RECORDED DATA:
::::::::::
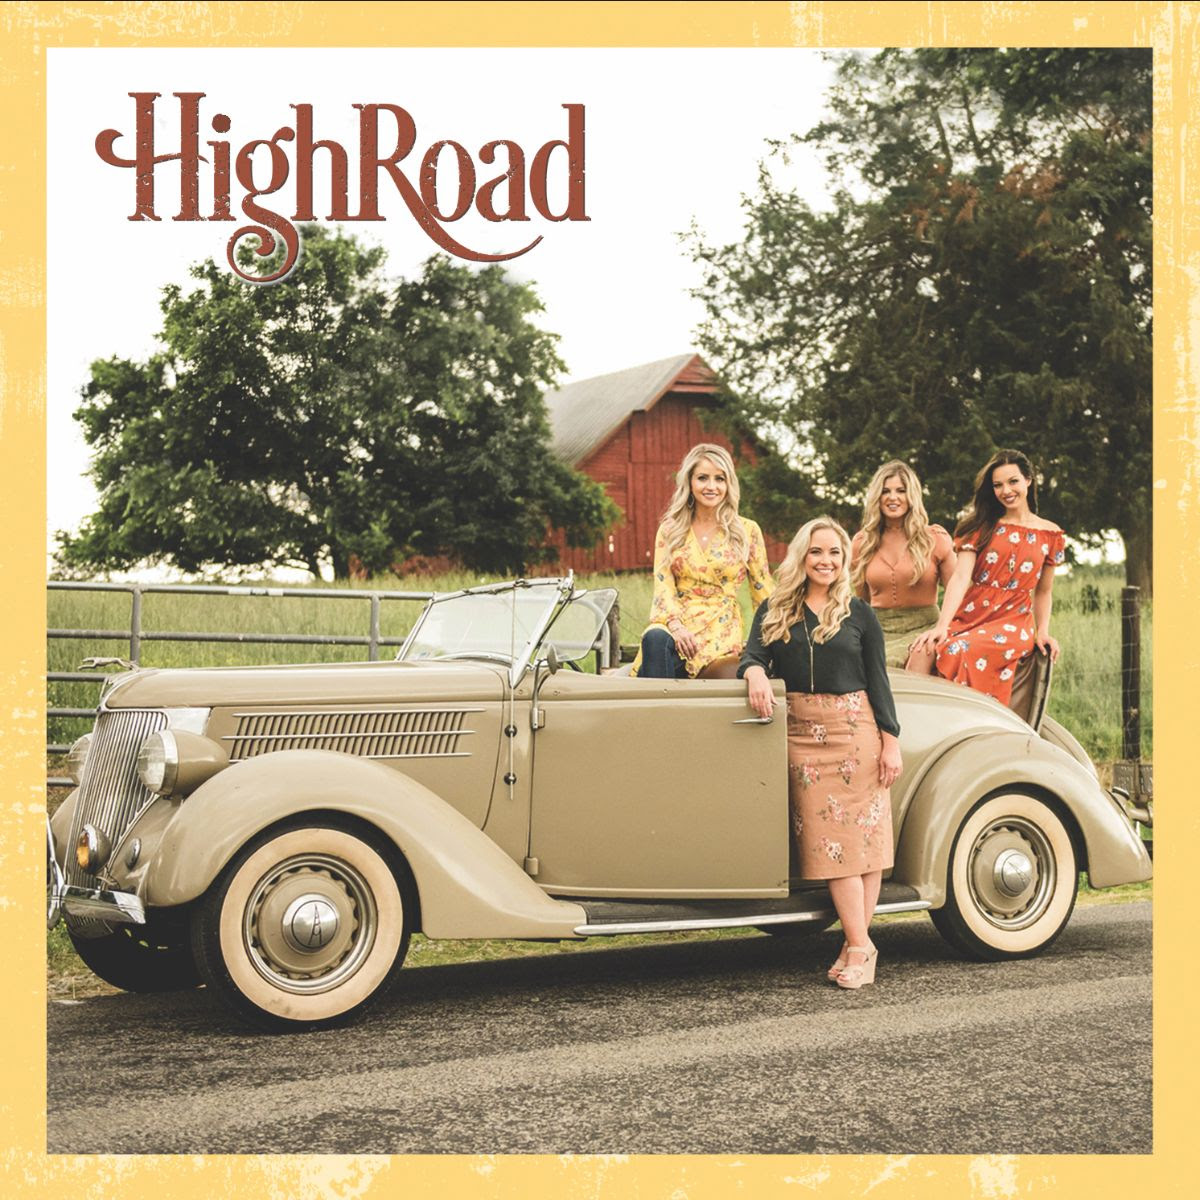 HighRoad Releases Highly-Anticipated Debut Album on New Day Records
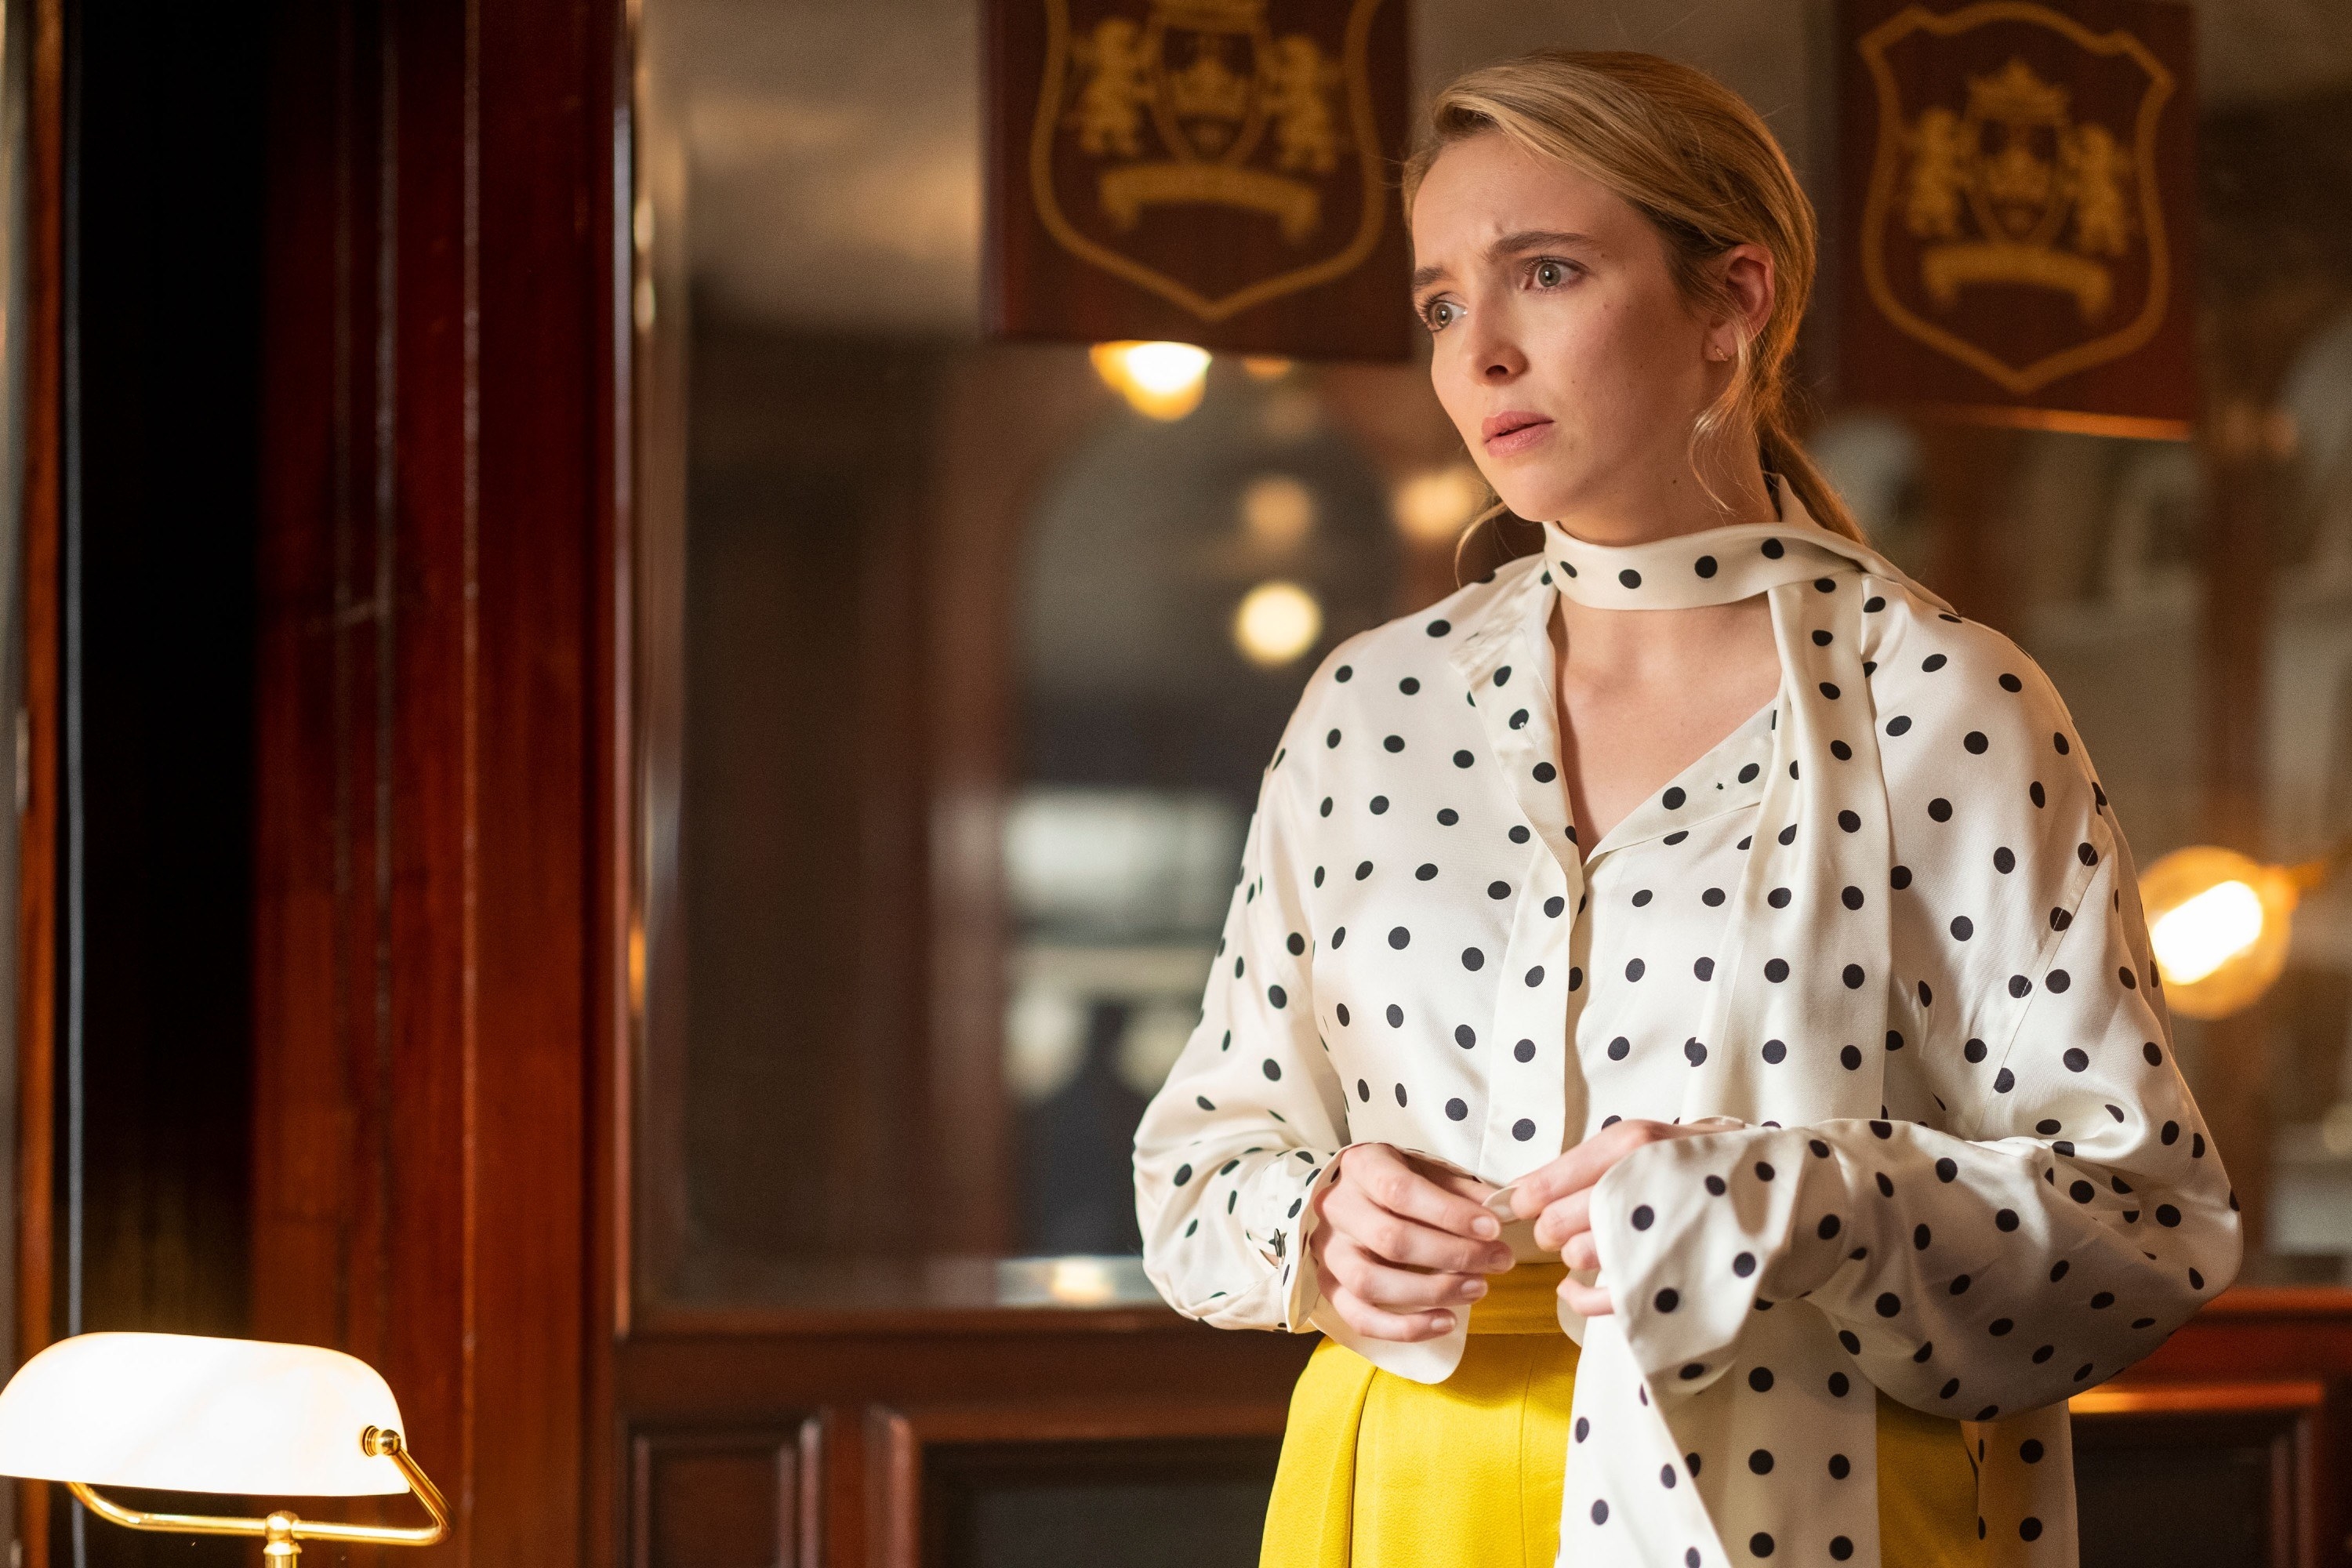 Jodie in the series wearing a black-dot blouse
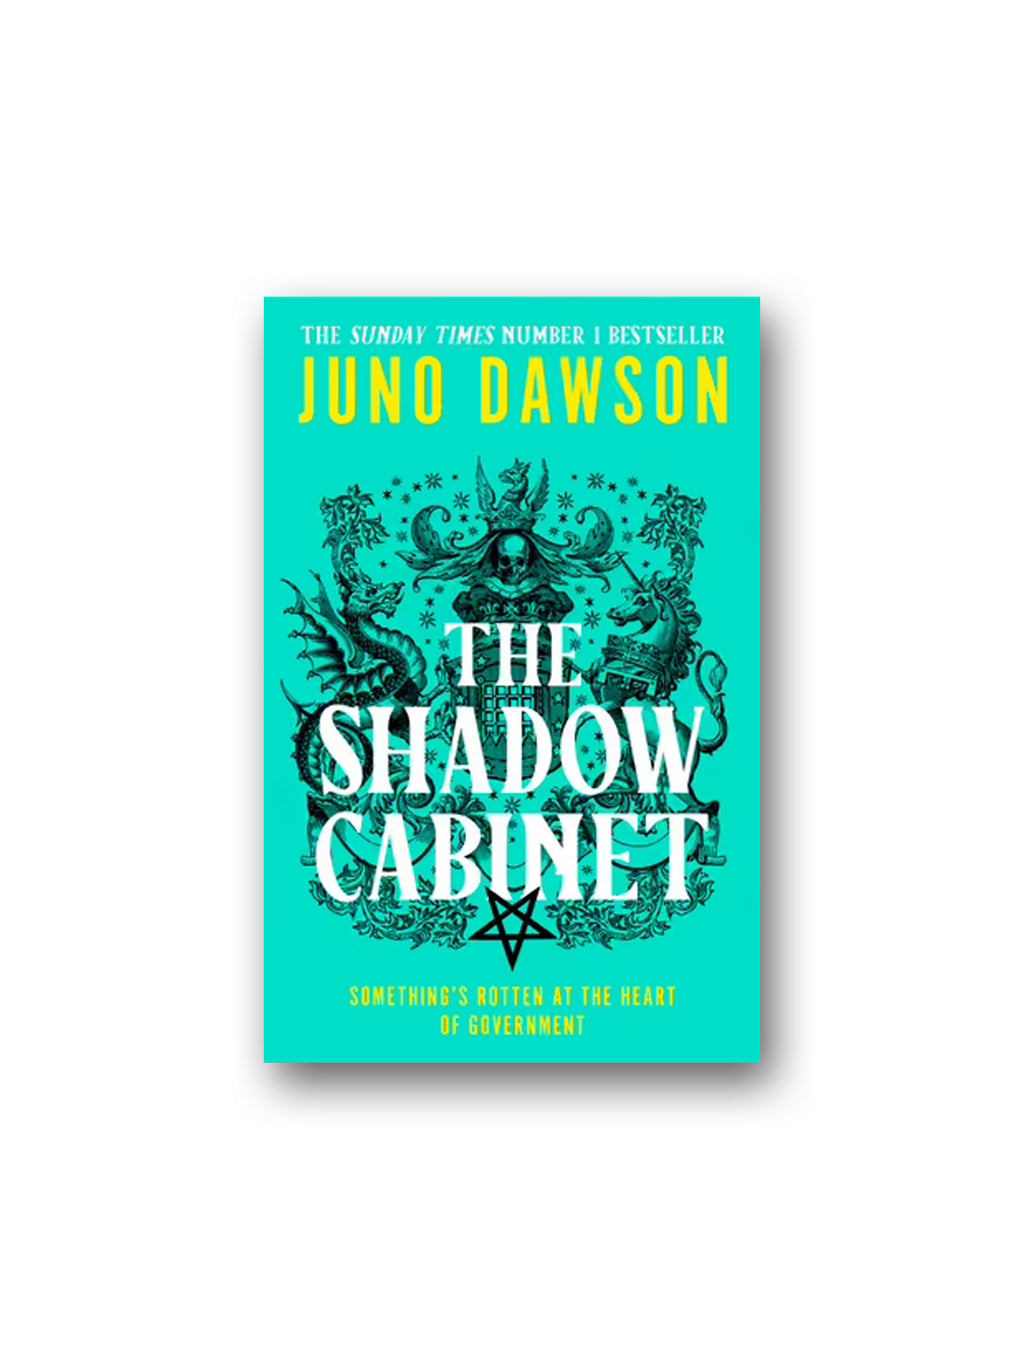 The Shadow Cabinet
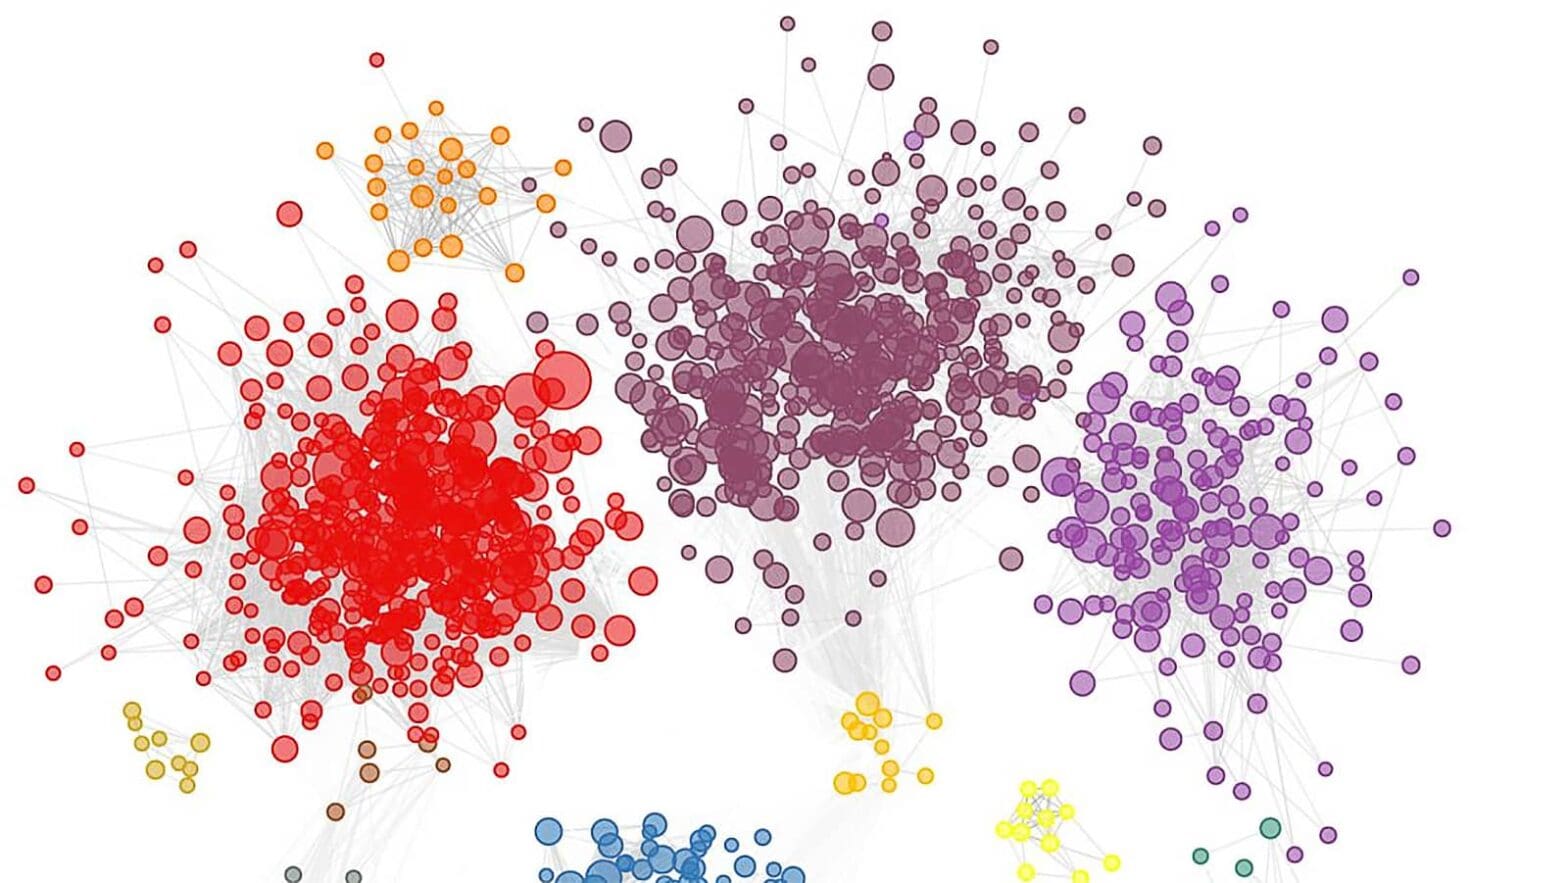 In this illustration, genes possibly associated with autism are clustered into colored groups based on how they function and relate to each other in the brain. The size of an individual circle indicates how highly the gene was ranked by the machine-learning program.
::::::::::
PROBLEM STATEMENT:
Please return the lines above exactly, with the pictures omitted.

FINISHED EXERCISE:
 HighRoad Releases Highly-Anticipated Debut Album on New Day Records
 Jodie in the series wearing a black-dot blouse
 The Shadow Cabinet
 In this illustration, genes possibly associated with autism are clustered into colored groups based on how they function and relate to each other in the brain. The size of an individual circle indicates how highly the gene was ranked by the machine-learning program.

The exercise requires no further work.